The spectacular view from Munsuam Hermitage in Goseong, Gyeongsangnam-do.
Hello Again Everyone!!
You first arrive at Munsuam Hermitage up a zig-zagging road that winds up Mt. Cheongryangsan. When you finally do arrive at the hermitage, you’ll first realize that Munsuam Hermitage buildings are precariously placed on the very face of the mountain that it resides on. The second thing, or perhaps even the first thing, you’ll realize are the spectacular views of the East Sea, the tiny islands that dot the horizon, and the neighbouring Bohyunsa Temple, which is named after the Bodhisattva of Power: Bohyun-bosal. And all of this can be seen from the hermitage parking lot.
After zig-zagging the final road that leads up to the delicately placed temple courtyard, and after passing by a cute wooden carving with travelers’ rocks placed all around it, you’ll first be greeted by the Hall of 1,000 Buddhas that lies to your immediate left. Underneath this hall is the administrative office, but it’s really the second floor that houses wall-to-wall Buddha statues that really stands out. Sitting under a bright red canopy on the main altar are a triad of statues. In the centre sits Seokgamoni-bul (The Historical Buddha). He’s joined by Jijang-bosal (The Bodhisattva of the Afterlife) to the left and Gwanseeum-bosal (The Bodhisattva of Compassion) to the right. Other than the beautiful one thousand Buddha statues, the ceiling is painted with portraits of various Nahan figures.

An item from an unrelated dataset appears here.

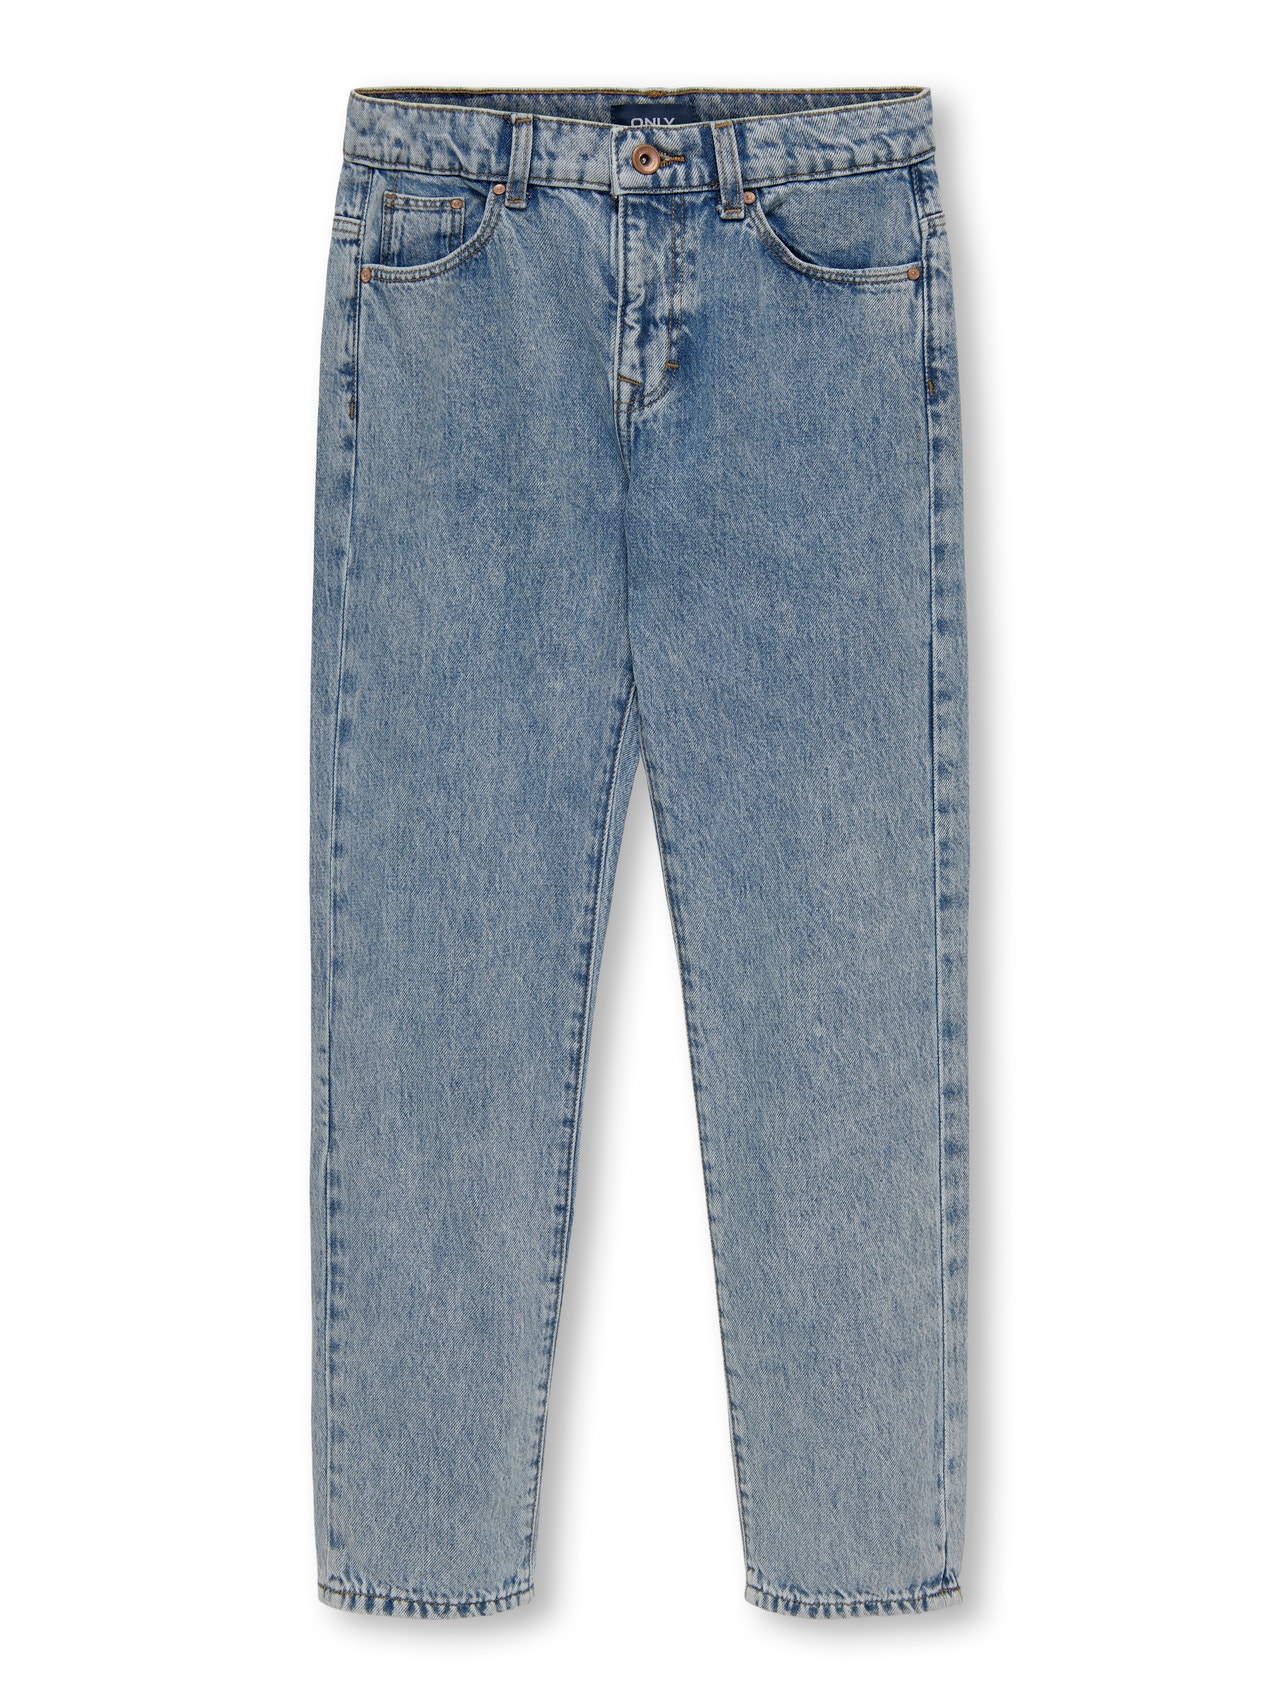 ONLY Loose Fit Jeans -Light Blue Denim - 15265530

As you make your way from this lower courtyard, to the upper courtyard, where a handful of other hermitage buildings rest, you’ll pass by a supply building and an observation deck. It’s from this observation deck, which also houses the earthly remains of the renowned monk, Cheongdam, that you’ll get the best view of the sights off in the distanct. Joining these remains are a turtle based stele and a stone statue of Seokgamoni-bul that looks out onto the ocean with you.
Further up the path, and now on the upper courtyard at Munsuam Hermitage, you’ll see the main hall to your right. This hall is surrounded by beautiful Shimu-do, Ox-herding, murals. As for the interior, and sitting all alone on the is a seated statue of Gwanseeum-bosal, who is backed by a red mural of herself. To the left of the main altar is a standing statue of Jijang-bosal, who is backed by an elaborate mural of himself. And on the far left wall hangs a rather uniquely coloured guardian mural. And to the right of the main altar is a statue of an attendant riding a blue lion. This statue is backed by a glass window that looks out onto a neighbouring mountain crevice. And on the right wall is a memorial shrine for the dead.

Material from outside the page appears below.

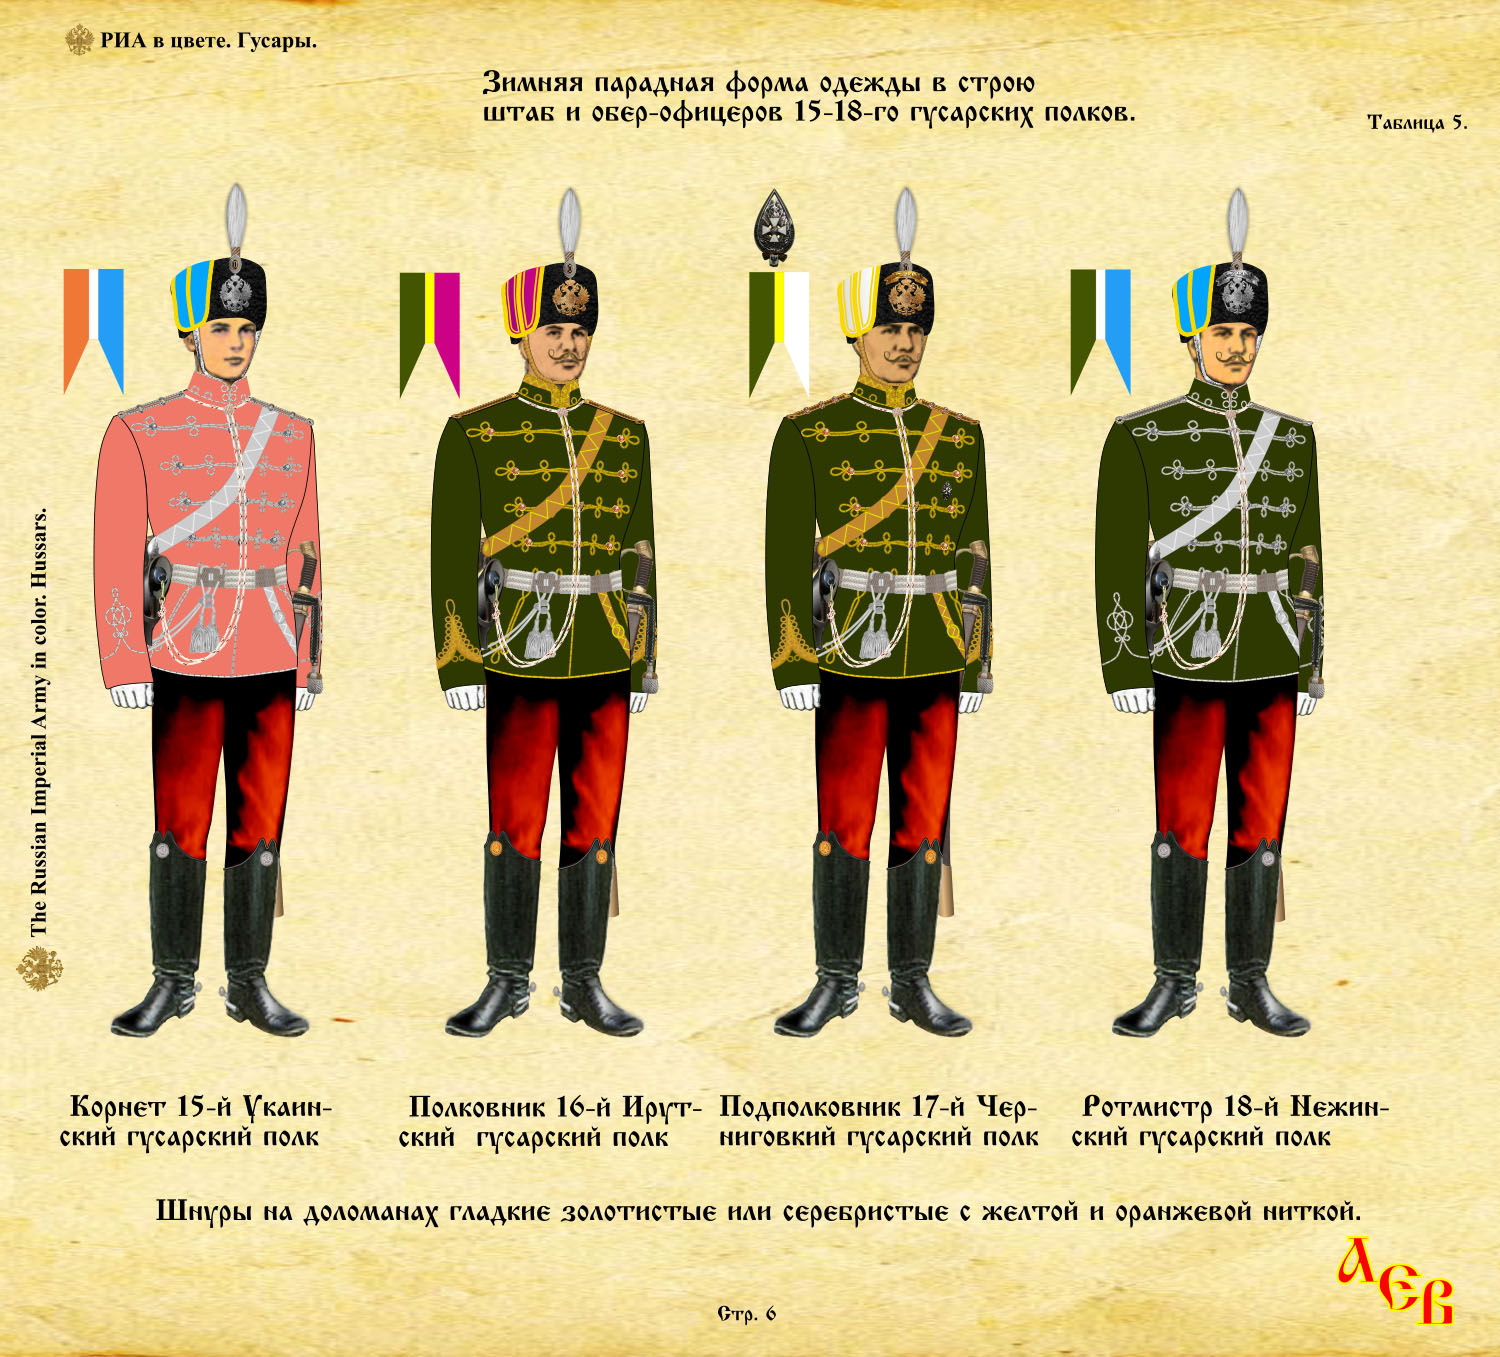 цвета гусарских полков в 1812

To the right of the main hall is another observation deck that looks out more towards the rolling mountains and the valleys that part them. And to the left of the main hall is the monks’ quarters. It’s from out in front of this building that you get another great view of the ocean and temple down below.
The final hall at the hermitage is the Dokseong-gak, which is dedicated to Dokseong (The Recluse), and lies up a treacherous mountainside path. In fact, a portion of the mountain’s face has been cut away to allow access to this hard to reach hall. Once you do arrive at the Dokseong-gak, which crowns the heights of the hermitage, you’ll be greeted by a solitary statue of Dokseong inside this hall.

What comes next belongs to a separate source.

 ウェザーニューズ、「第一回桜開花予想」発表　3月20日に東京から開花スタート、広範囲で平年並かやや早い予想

HOW TO GET THERE: To get to Goseong from Busan, which is where Munsuam Hermitage is located, you’ll first have to get to the Dongbu Intercity Bus Terminal. You can easily get to this terminal from the Busan station system, if you get off at the Nopo-dong subway stop, #134, on the first line. The earliest bus leaves at 7:45 a.m., and the ride takes you two hours and twenty minutes. The bus ride will cost you 10,100 won. After arriving in Goseong, you’ll then have to take a taxi to get to Munsuam Hermitage. You’ll have to do this because there’s absolutely no bus that goes to the temple from Goseong. In total, the taxi should cost about 12,000 won, and the ride should last about twenty five minutes. Just make sure you hang onto your taxi, because it’s a long walk back to the terminal.
OVERALL RATING: 8.5/10. The stunning ocean side sights are similar to Boriam Hermitage in Namhae, and yet Munsuam Hermitage is a lot less crowded. Also, the hermitage buildings, like the Hall of 1,000 Buddhas, the crowning Dokseong-gak, as well as the colourful main hall allow this hermitage to slightly edge ahead of Boriam Hermitage. That, as well as the mysterious Buddha that lies off in the distance along the mountain folds of Mt. Cheongryangsan make this reclusive Goseong Hermitage a must for the temple adventurer!